§ **TASK TO COMPLETE**
Pictures in the data should be dropped; transcribe exactly the lines from the one that has "Marc Jacobs The" through the one that has "Cute Animal Rabbit And Ducklings Picture".

§ **RECORDS TO PROCESS**
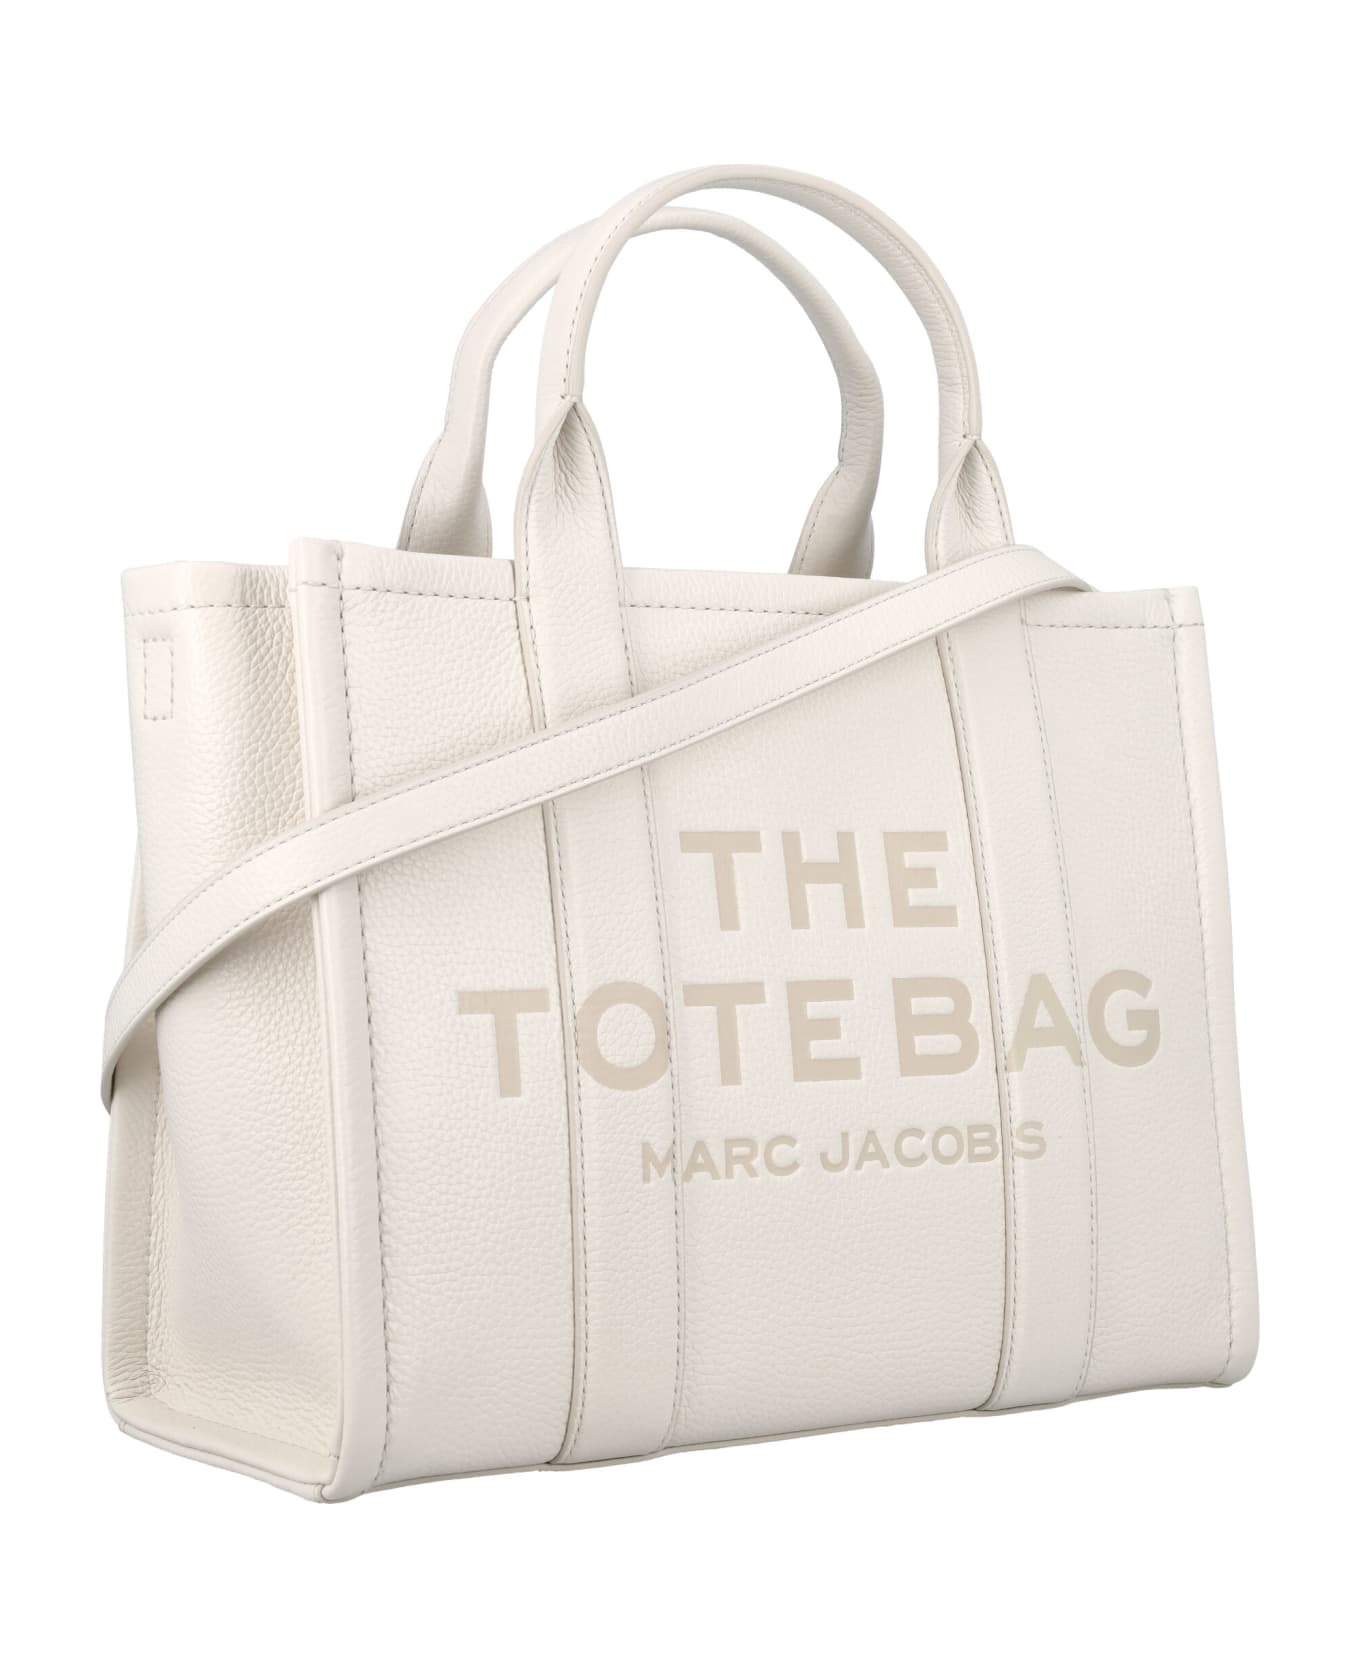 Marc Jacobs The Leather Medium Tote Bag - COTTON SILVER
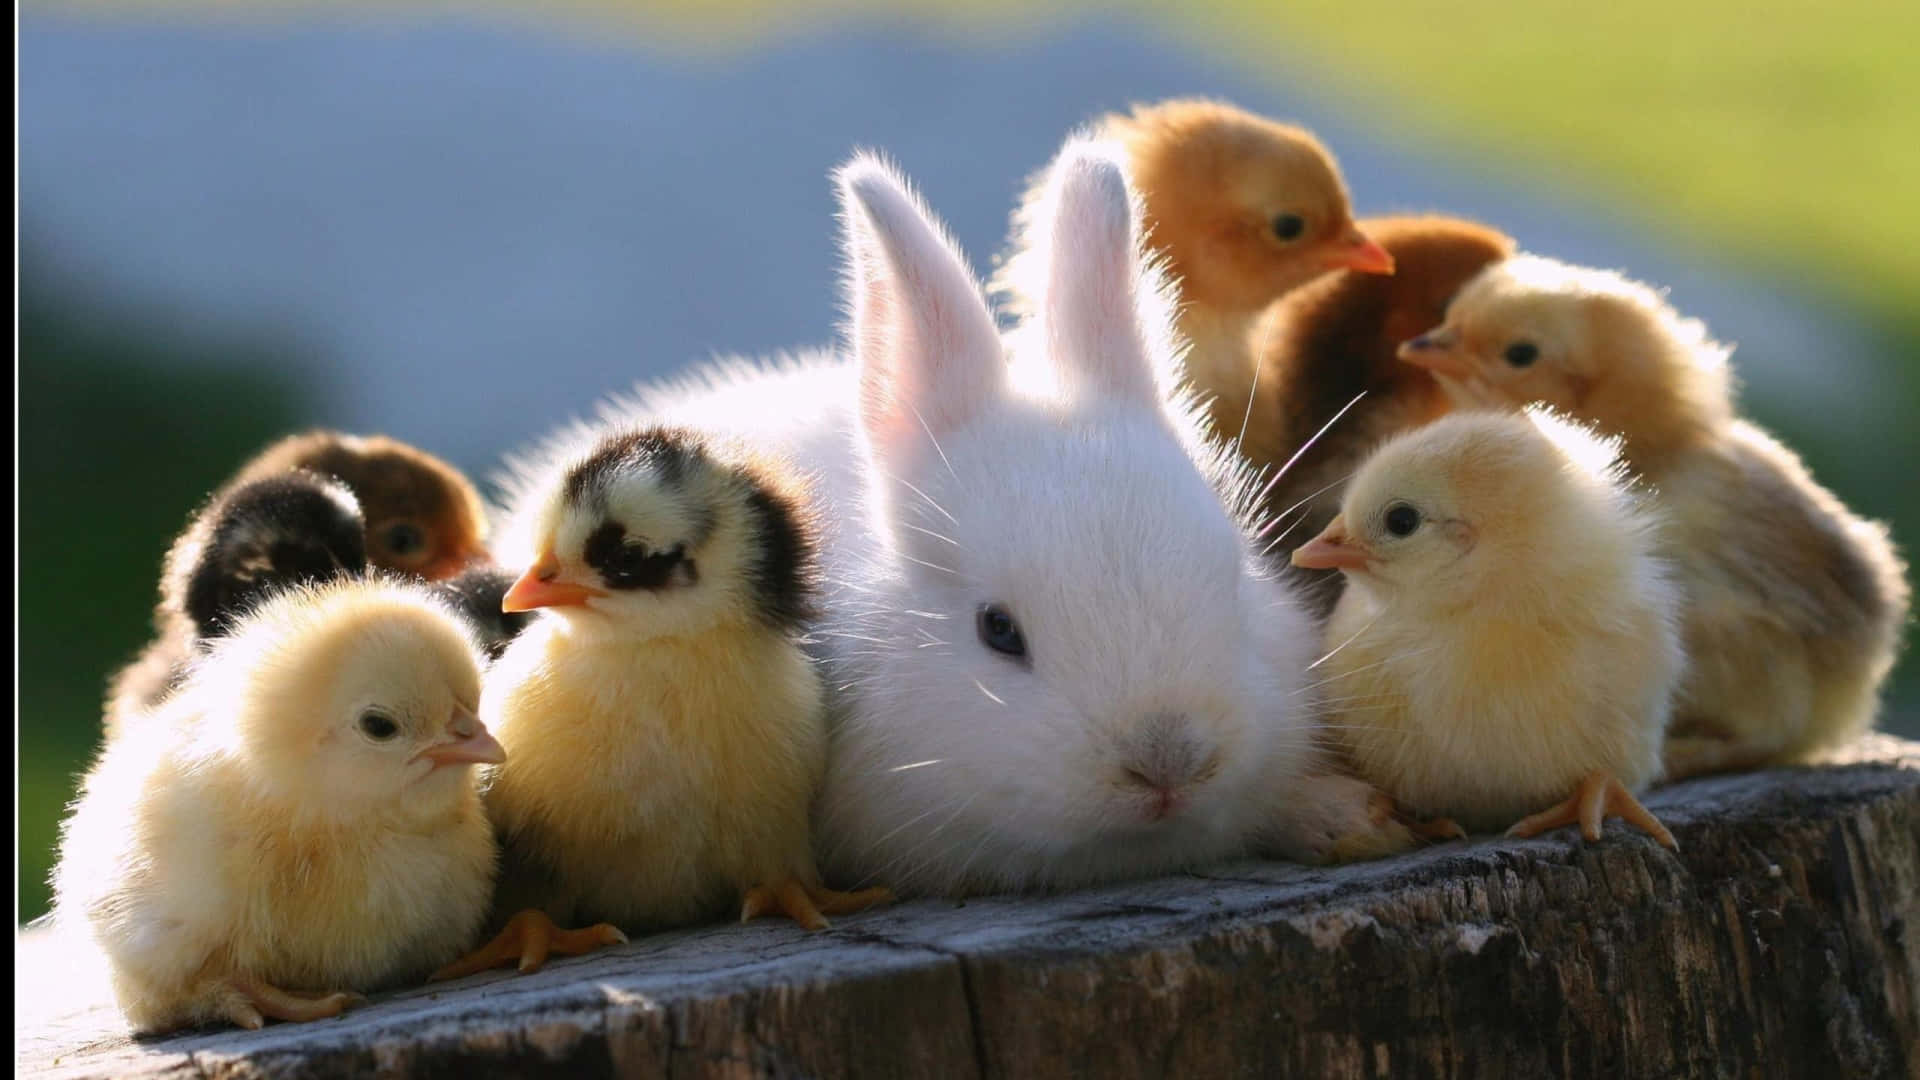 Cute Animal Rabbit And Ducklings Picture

---

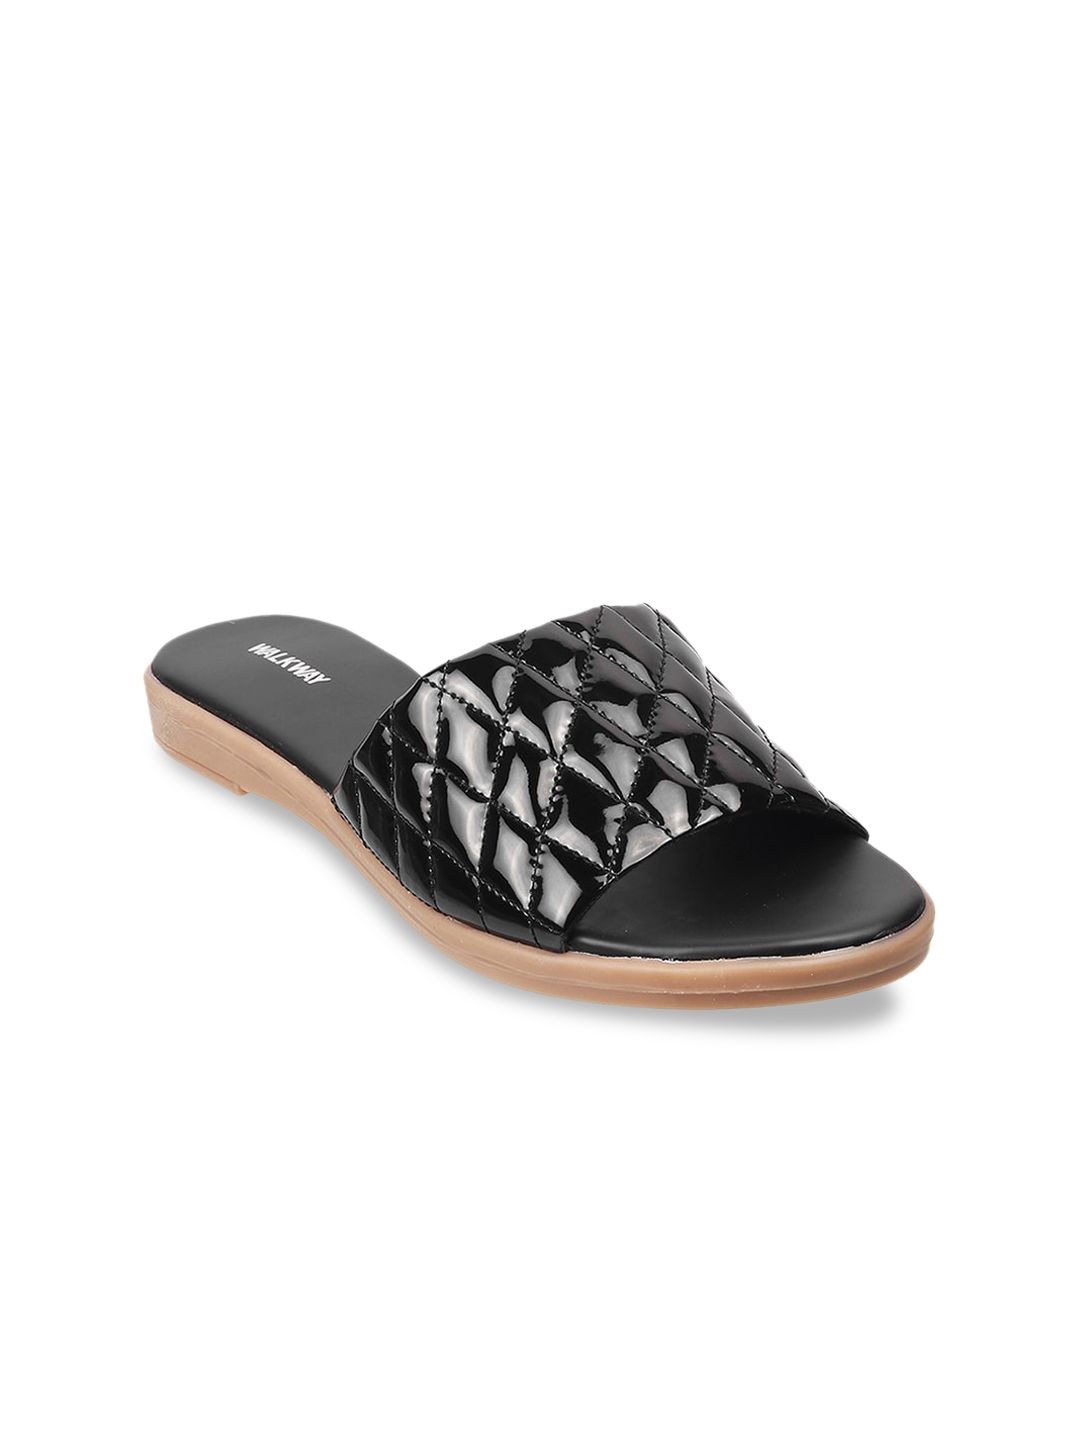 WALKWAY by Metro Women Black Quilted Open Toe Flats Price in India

§ **TASK RESPONSE**
 Marc Jacobs The Leather Medium Tote Bag - COTTON SILVER
 Cute Animal Rabbit And Ducklings Picture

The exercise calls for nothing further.